Eigenstates in QFT and amplitude of a field operator I've seen in different posts (such as here) that given a field $\hat{\phi}(x)$, its eigenstates $|\phi\rangle$ are of the form:
$$|\phi\rangle\ = e^{\int dx\phi(x)\hat{\phi}(x)}|0\rangle\tag1$$
I don't understand where this came from. 
Also, I have another question. If I had a one particle state $|\vec{p}\rangle$, and I want to know the amplitude of some shape of the field, let's call it $f(x)$, I guess I have to compute
$${\rm amplitude} =\ \langle f(x)|\vec{p}\rangle \ =\ \langle f(x)|a_{\vec{p}}^\dagger\ |0\rangle \tag2$$
Where $|0\rangle$ is the vacuum state. But, could I write equation (2) as:
$${\rm amplitude} = 4\sqrt{\pi}f(x)\exp\{-\frac{1}{2}\int\ d^3d^3yf(x)\Omega_{x, y}f(y)\}\tag3$$
In analogy with harmonic ($4\sqrt{\pi}f(x) =$ norm of state in Harmonic oscillator times the 1-degree Hermite's polynomial) and with $\Omega_{x, y}$ is the kernel that you can see in Eq. (3) of Interaction term in QFT
 A: Your best bet might be Itzykson & Zuber's overdetailed QFT text, insert in 3.1.2. They explain that your overly  naive expression (1) yields eigenstates of $\hat \phi (x)_-$, not $\hat \phi (x)$. The answer you are citing distinctly warns you this is not a field operator eigenstate. (By the way, your $|f(x)\rangle$ should really be $|f\rangle$, as it covers all xs.

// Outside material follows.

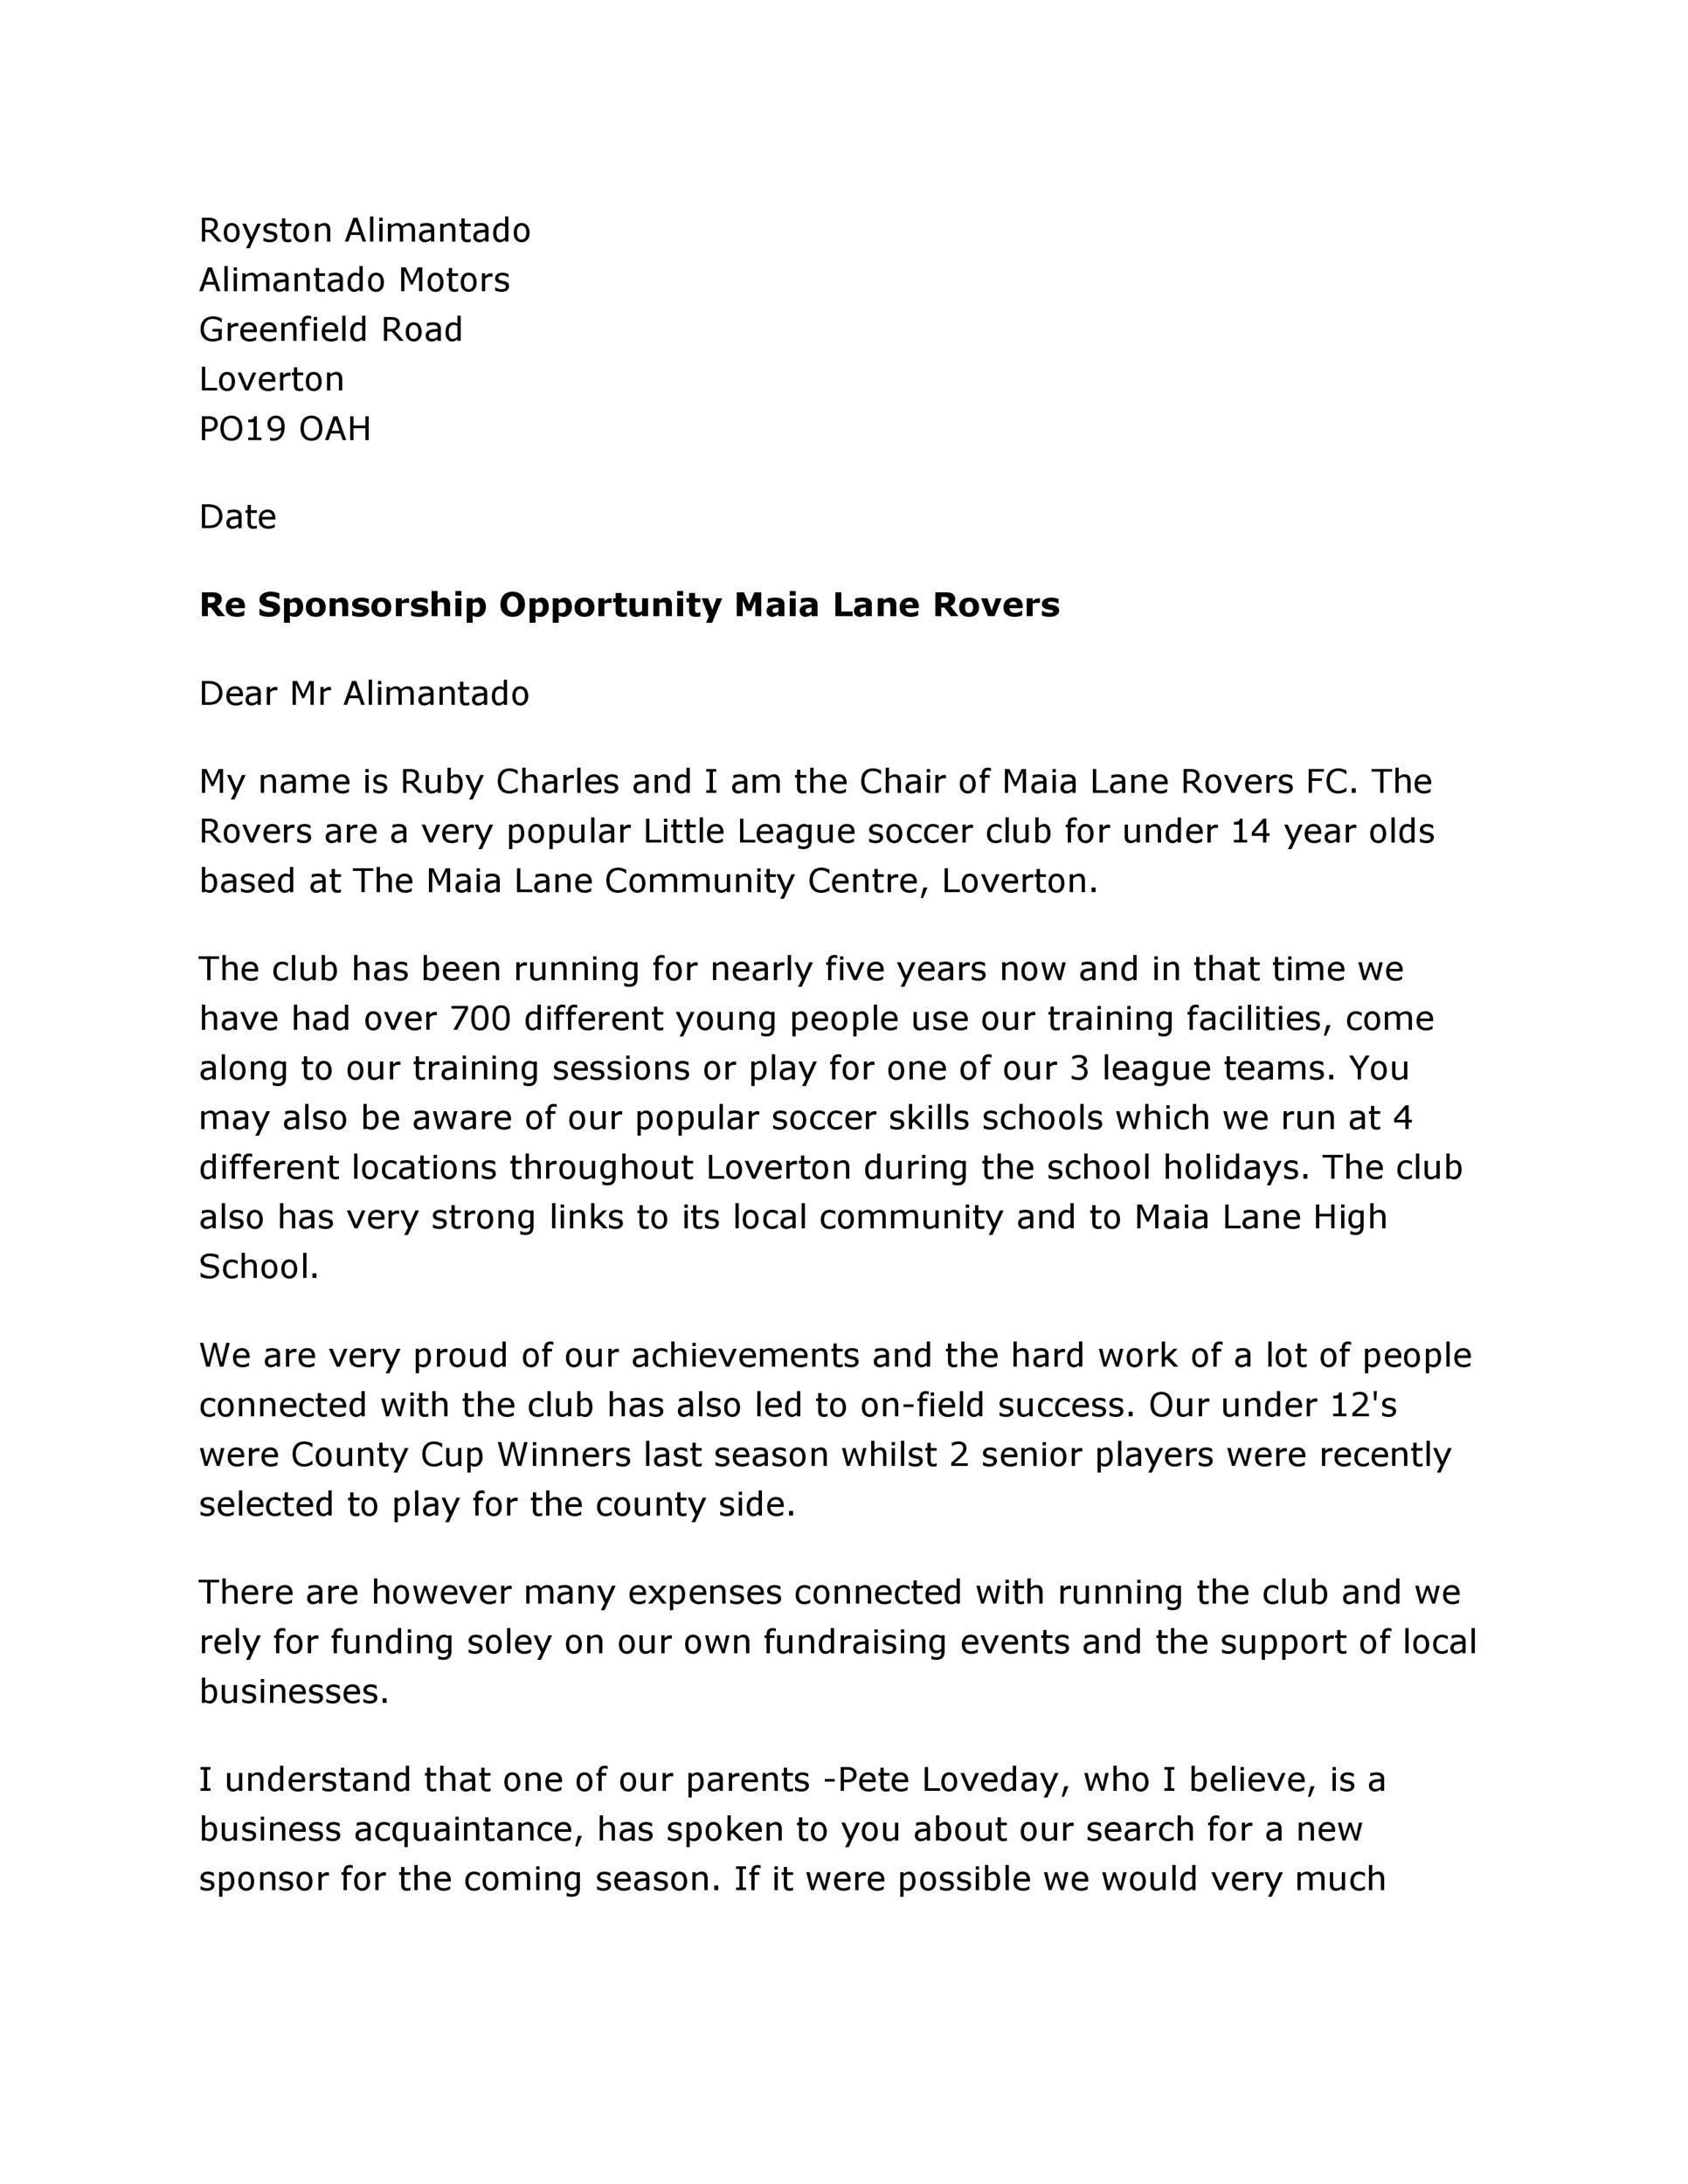 40+ Sponsorship Letter & Sponsorship Proposal Templates

The argument is the function, not its value at some x.)
Rather than perish in a nightmare of sequential Fourier transforms, rampant indexing and normalizations to enforce Lorentz invariance and Hermiticity, I'll give you an easy hint.
I'll eliminate the entire infinite array of oscillators of QFT, retaining only one, and remind you of the basic coherent state  maneuvers, adumbrating the trail map for your proof involving an infinity of oscillators.  
So, just keep a single oscillator, and go to here ; here; and 
here for technical details. $\hat \phi$ here corresponds to $\hat x$, $\hat \phi_+$ to $a^\dagger$, but $\hat p$ to the canonical conjugate field $\pi$; distinctly not your oscillator label, fluff, for your $|\vec p\rangle$, which has reduced to a single value here (along with your x fluff label). 
Recall $[a , a^\dagger ]=1$. Then,taking x=f for your classical configuration, here, location,
$$
|f\rangle = N(f) ~ \exp\left ( -\frac{(a^\dagger -f\sqrt{2})^2} {2}  \right )|0\rangle   \Longrightarrow  \hat{~x}~|f\rangle=f|f\rangle,\\
|p\rangle= N(p) ~ \exp \left( \frac{(a^\dagger +ip\sqrt{2})^2}{2}   \right ) |0\rangle  \Longrightarrow  \hat{~p}~|p\rangle=p|p\rangle ~.
$$
You may try to fix $N(x)=e^{x^2/2}/\pi^{1/4}$ from $\langle 0|x\rangle$, the Schrödinger ground state of the oscillator. (Indeed, N is the inverse of the Gaussian!) It is then shown that 
$$
\langle p |x\rangle=  e^{ixp}/ \sqrt{2\pi}.
$$
The basic maneuver is that a acts like a derivative operator on the $a^\dagger$s in the exponentials. 
The analog of the conjugate of your amplitude (2) here is  $$\langle 0| a |f\rangle
= \langle 0|f\sqrt{2}-a^\dagger|f\rangle= f\sqrt{2} ~ \langle 0  |f\rangle =f\sqrt{2}~e^{-f^2/2}/\pi^{1/4}.$$ I am unsure what you would learn from this for an isolated oscillator, and, a fortiori, in scalar field theory, but there it is. 
Note that if you had only kept the cross terms in the exponent, i.e., if you had chucked away the quadratic term in the exponent, you would have gotten the very same answer for (2), as the operative shift function of the a is the very same for coherent states in QM!
Of course, the real McCoy here is but the state itself,
$$\frac{ a +a^\dagger}{\sqrt{2}} |f\rangle
=  f |f\rangle .
$$
This might help illuminate the role of the quadratic term in the exponent:  dropping that quadratic term in the exponent would yield an eigenstate of merely a.